PRACTICAL: Benchmarking Molecular Dynamics Performance Using GROMACS 1
Overview
Teaching: 10 min
Exercises: 20 minQuestions
How does a small, 80k-atom system performance scale as more cores are used?
What about a larger, 12M-atom system?
Objectives
Gain a basic understanding of key aspects of running molecular dynamics simulations in parallel.
Aims
In this exercise, you will be running molecular dynamics simulations using GROMACS. You will be benchmarking how efficiently a small system will run as you increase the number of processors.
Instructions
You will be running a benchmark that has been used to explore the performance/price behaviour of GROMACS on various generations of CPUs and GPUs. A number of publications have used this benchmark to report on, and compare, the performance of GROMACS on different systems (e.g see: https://doi.org/10.1002/jcc.24030 ).
The benchmark system in question is “benchMEM”, which is available from the list of Standard MD benchmarks at https://www.mpibpc.mpg.de/grubmueller/bench. This benchmark simulates a membrane channel protein embedded in a lipid bilayer surrounded by water and ions. With its size of ~80 000 atoms, it serves as a prototypical example for a large class of setups used to study all kinds of membrane-embedded proteins.For some more information see here.
To get a copy of “benchMEM”, run the following from your work directory:
wget https://www.mpinat.mpg.de/benchMEM
unzip benchMEM.zip
Once the file is unzipped, you will need to create a Slurm submission script.
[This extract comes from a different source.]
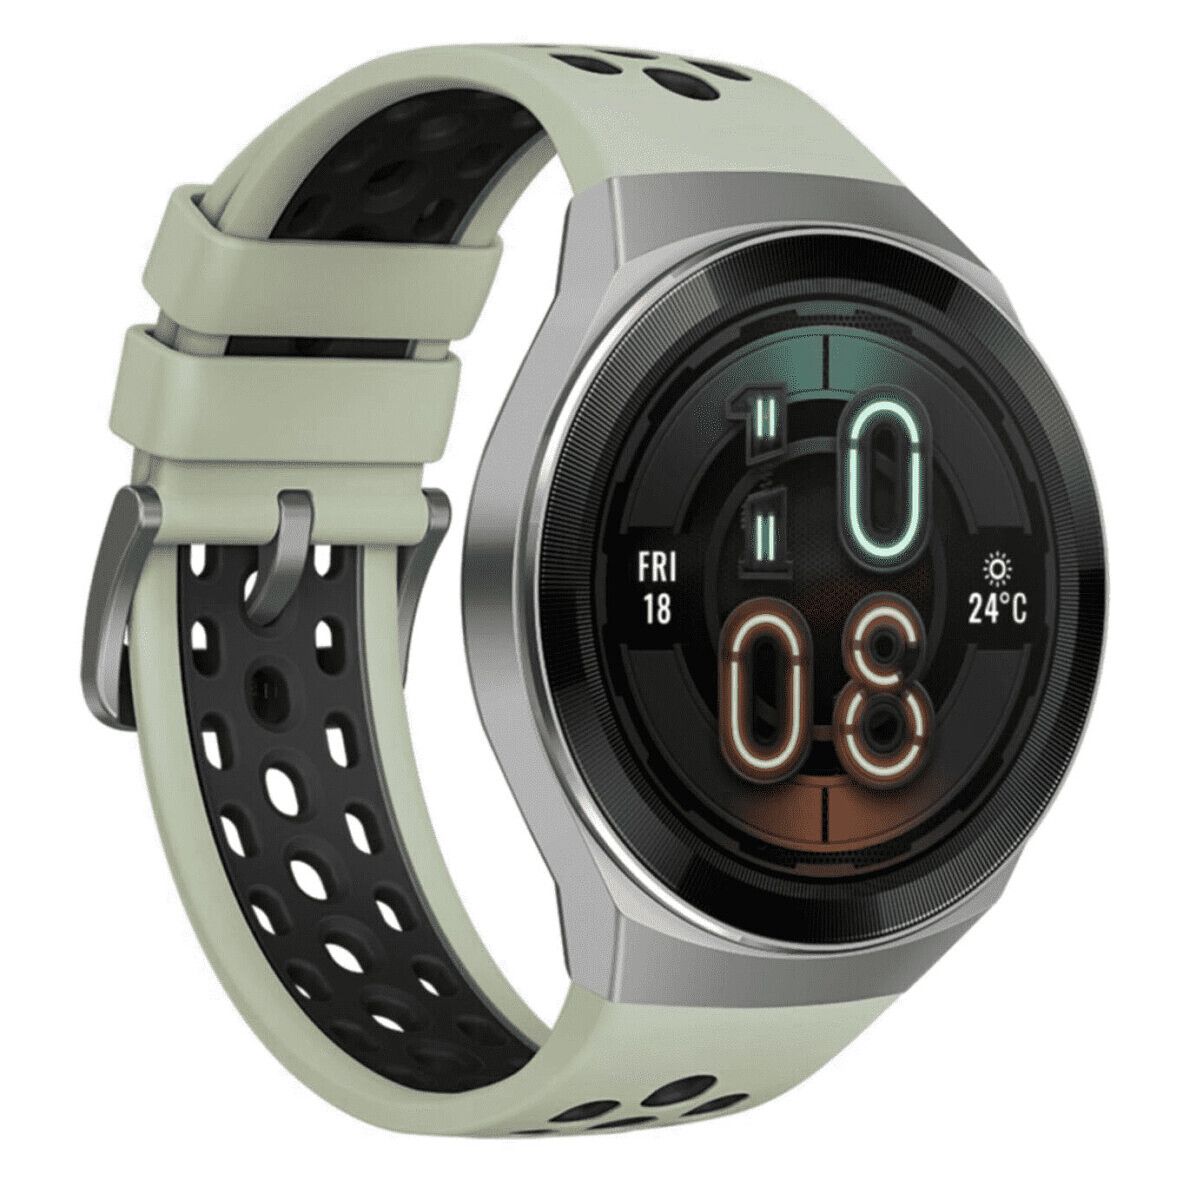 The Huawei Watch GT2e is a pretty great smartwatch, and despite some limitations to the smartwatch functionality in LiteOS, it remains one of the best fitness trackers you can buy. It excels when it comes to fitness, and it definitely smokes the likes of Fitbit in terms of value for money. It's not the cheapest <em>fitness tracker</em> out there, but it's also not the most expensive <em>smartwatch.</em>

Below is a copy of a script that will run on a single node, using a single
processor. You can either copy the script from here, or from ARCHER2 in
directory /work/ta017/shared/GMX_sub.slurm
.
#!/bin/bash
#SBATCH --job-name=GMX_test
#SBATCH --account=ta017
#SBATCH --partition=standard
#SBATCH --qos=short
#SBATCH --reservation=shortqos
#SBATCH --time=0:5:0
#SBATCH --nodes=1
#SBATCH --tasks-per-node=1
#SBATCH --cpus-per-task=1
#SBATCH --distribution=block:block
#SBATCH --hint=nomultithread
module restore /etc/cray-pe.d/PrgEnv-gnu
module load gromacs
export OMP_NUM_THREADS=$SLURM_CPUS_PER_TASK
srun gmx_mpi mdrun -ntomp $SLURM_CPUS_PER_TASK -s benchMEM.tpr
Run this script to make sure that it works – how quickly does the job
complete? You can see the walltime and performance of your code by running
tail md.log
. This simulation is meant to perform 10,000 steps, each of which
should simulate 2 ps of “real-life” time. The “Walltime” tells you how quickly
the job ran on ARCHER2, and the “Performance data will let you know how many
nanoseconds you can run in a day, and how many hours it will take to run a
nanosecond of simulation.
How do the “Walltime” and “Performance” data change as you increase the number
of cores being used? You can vary this by changing
#SBATCH --tasks-per-node=1
to a higher number. Try filling out the table
below:
Number of cores | Walltime | Performance (ns/day) | Performance (hours/ns) |
---|---|---|---|
1 | |||
2 | |||
4 | |||
8 | |||
16 | |||
32 | |||
64 | |||
128 | |||
256* | |||
512* |
NOTE
Jobs run on more than one node will need to be run with constant
#SBATCH --tasks-per-node=128
but varying #SBATCH --nodes=1
If you finish early, you can try generating this same table for the GROMACS benchPEP benchmark. You can get the benchmark by running:
wget https://www.mpibpc.mpg.de/15615646/benchPEP.zip
unzip benchPEP.zip
This is a much larger system (12M atoms compared with 80k atoms for the benchPEP system). How does the performance scaling of this system compare with that of the smaller system?
Key Points
Larger systems scale better to large core-/node-counts than smaller systems.